Arrays & Hashing
The bread and butter — arrays, strings, hashmaps, frequency counting, prefix sums.
01 — Arrays & Hashing
Neetcode Week 1. Half of all interview problems are dressed-up array/hash problems. Internalizing this category is the single biggest leverage point for the first month.
Table of Contents
- Arrays — the underlying memory
- Strings — what they are and aren't
- Hash tables — the killer DS
- Hash sets vs hash maps
- Frequency counting pattern
- Prefix sums
- Difference arrays (range updates)
- Walked-through problems
- Pitfalls
- Practice list
1. Arrays — the underlying memory
An array is a contiguous block of memory of fixed-size elements indexed from 0.
Index: 0 1 2 3 4 5
┌────┬────┬────┬────┬────┬────┐
Memory: │ 7 │ 3 │ 9 │ 2 │ 4 │ 8 │
└────┴────┴────┴────┴────┴────┘
↑
Base address `p`. Element i is at `p + i * sizeof(T)`.

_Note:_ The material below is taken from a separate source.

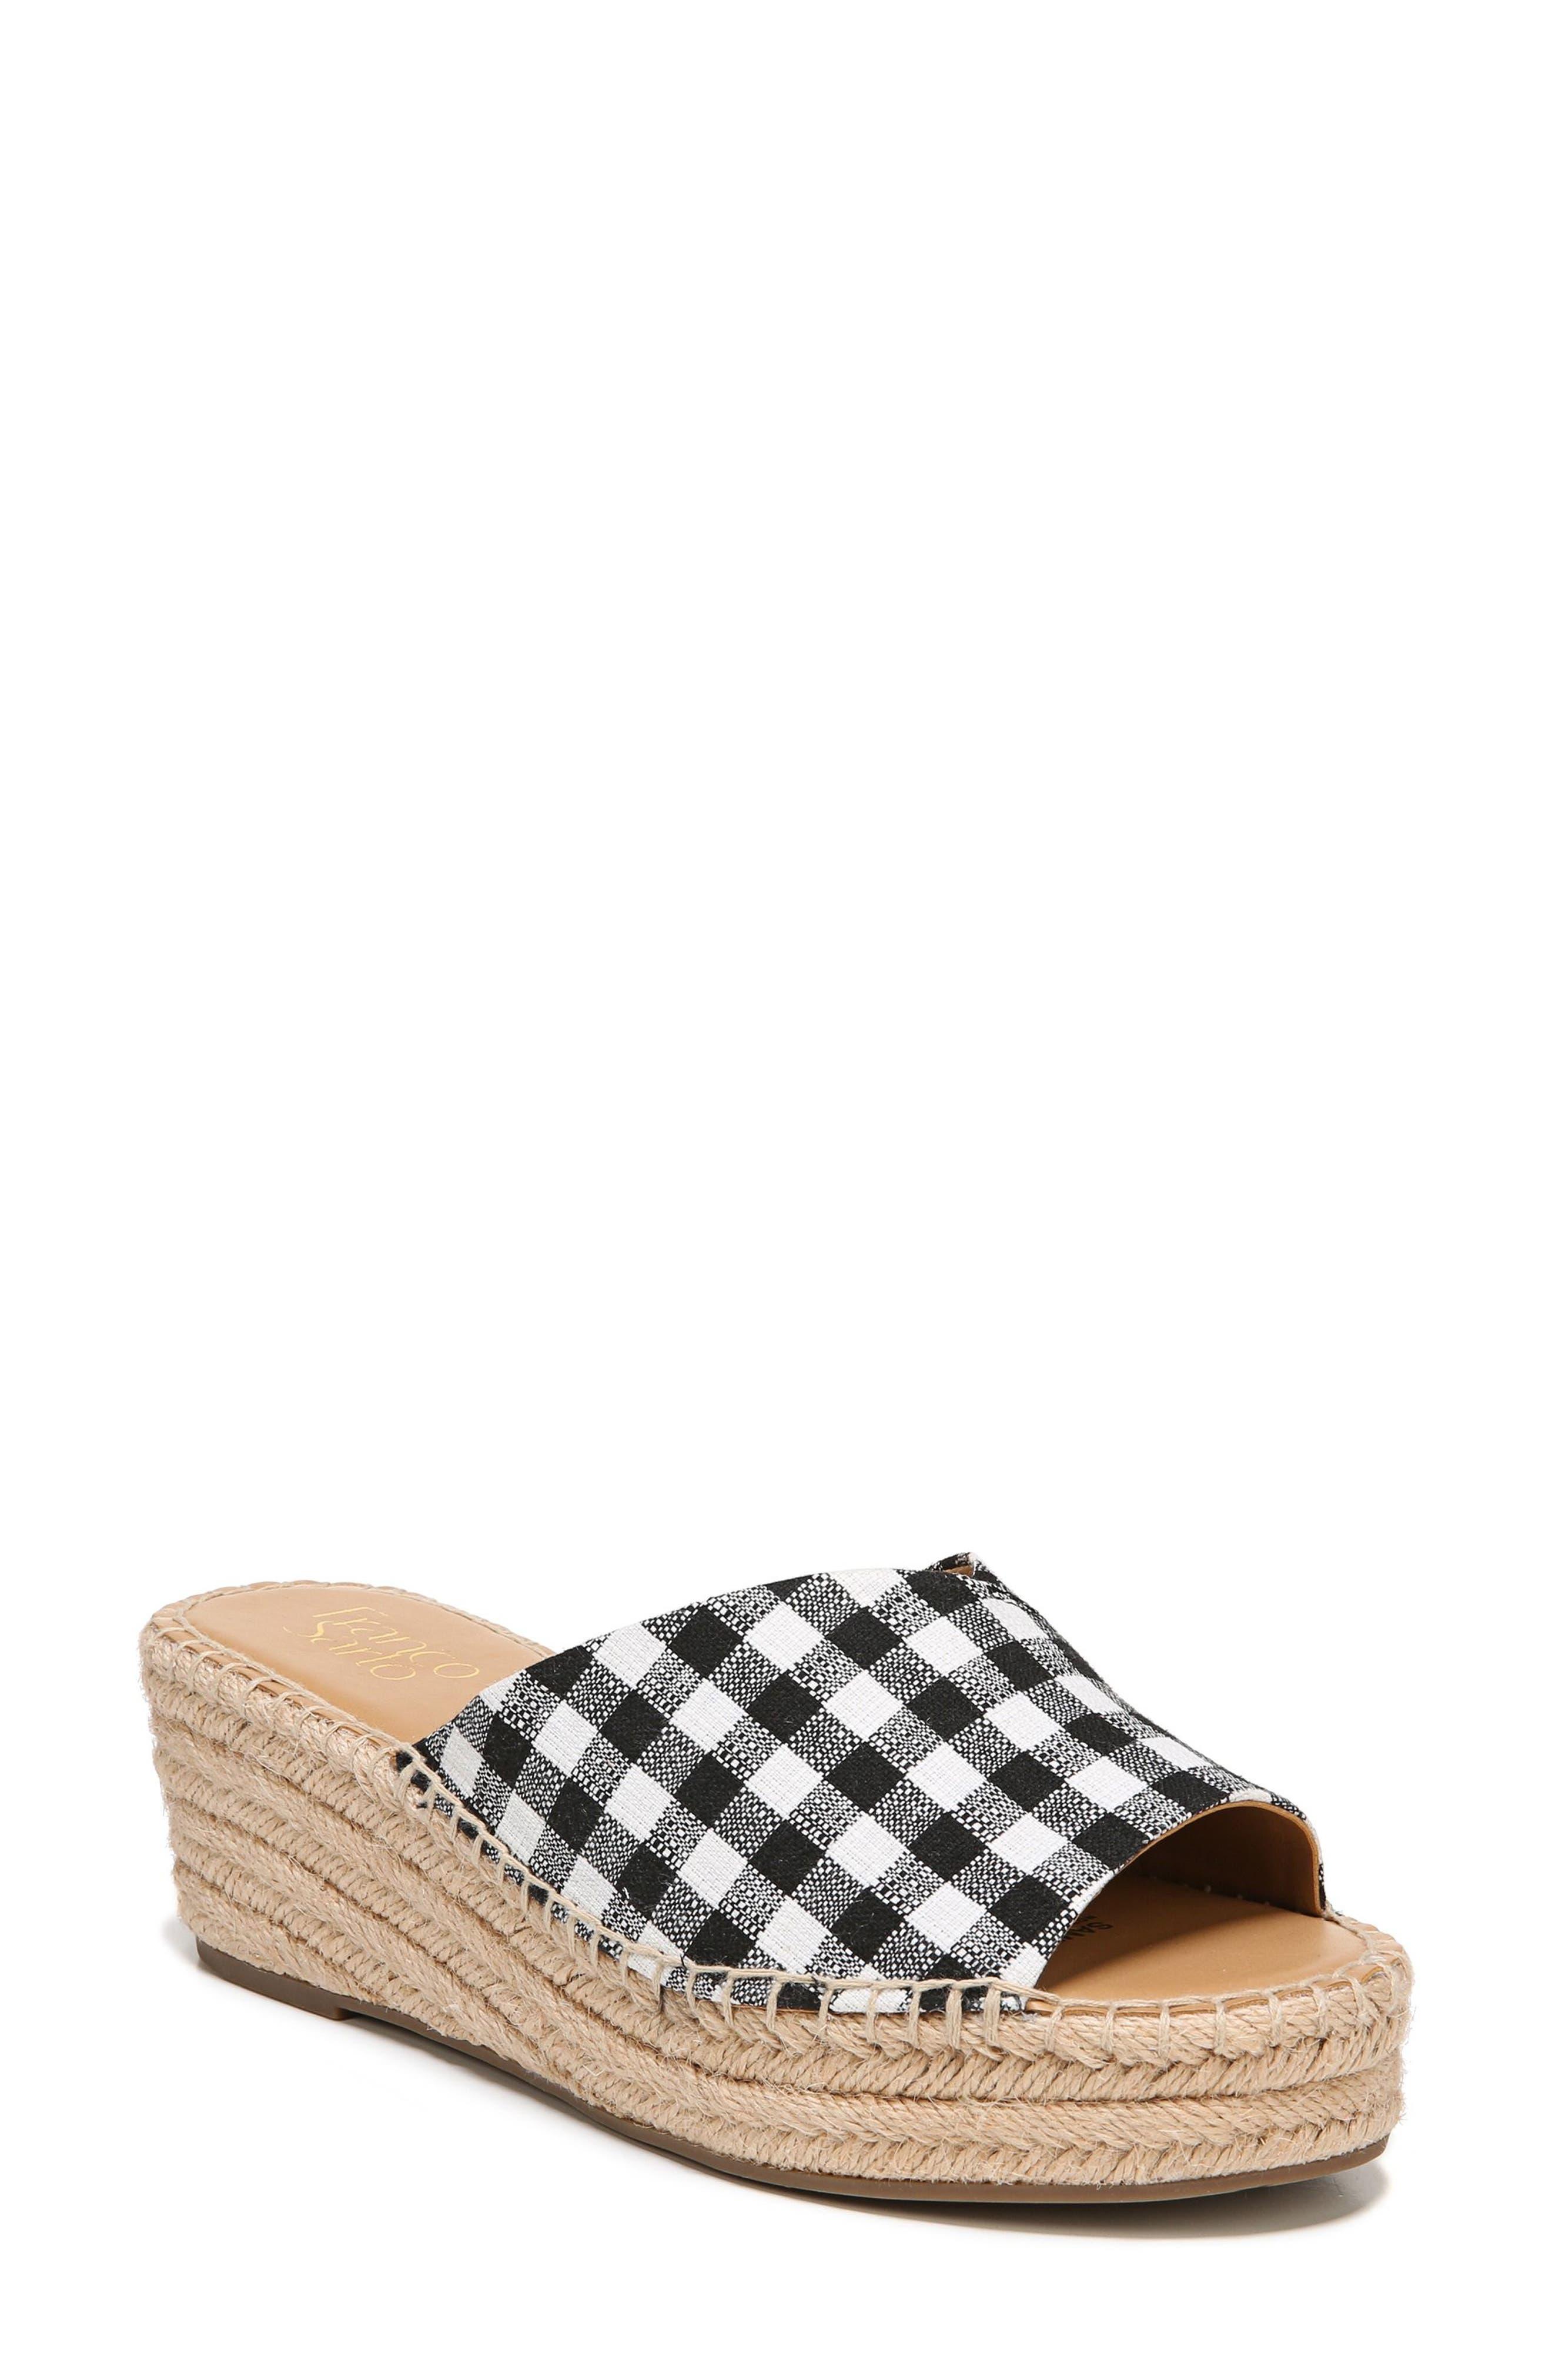 SARTO by Franco Sarto Pinot Platform Wedge Slide Sandal,                             Alternate thumbnail 7, color,                             BLACK/ WHITE

Because elements are equal-sized and contiguous:
arr[i]is O(1) — just arithmetic on the pointer.- Iteration is cache-friendly (CPU prefetches the next chunk).
- Insert/delete in the middle is O(n) because everything must shift.
Static vs dynamic
| Static array | Dynamic array (vector / list) |
|---|---|
C int arr[10] | C++ vector, Python list, Java ArrayList |
| Fixed size at compile time | Grows at runtime by reallocation |
| No append cost | append is O(1)* amortized (Section 4 of foundations) |
In interviews you almost always use the dynamic version. Just remember append/push_back is amortized constant.
Python list isn't a "real" array
Python list is a dynamic array of pointers to Python objects, not a packed buffer. So:
arr[i]is still O(1), but slightly slower than C arrays.list[int]doesn't pack ints contiguously. For real packed arrays usearray.arrayornumpy.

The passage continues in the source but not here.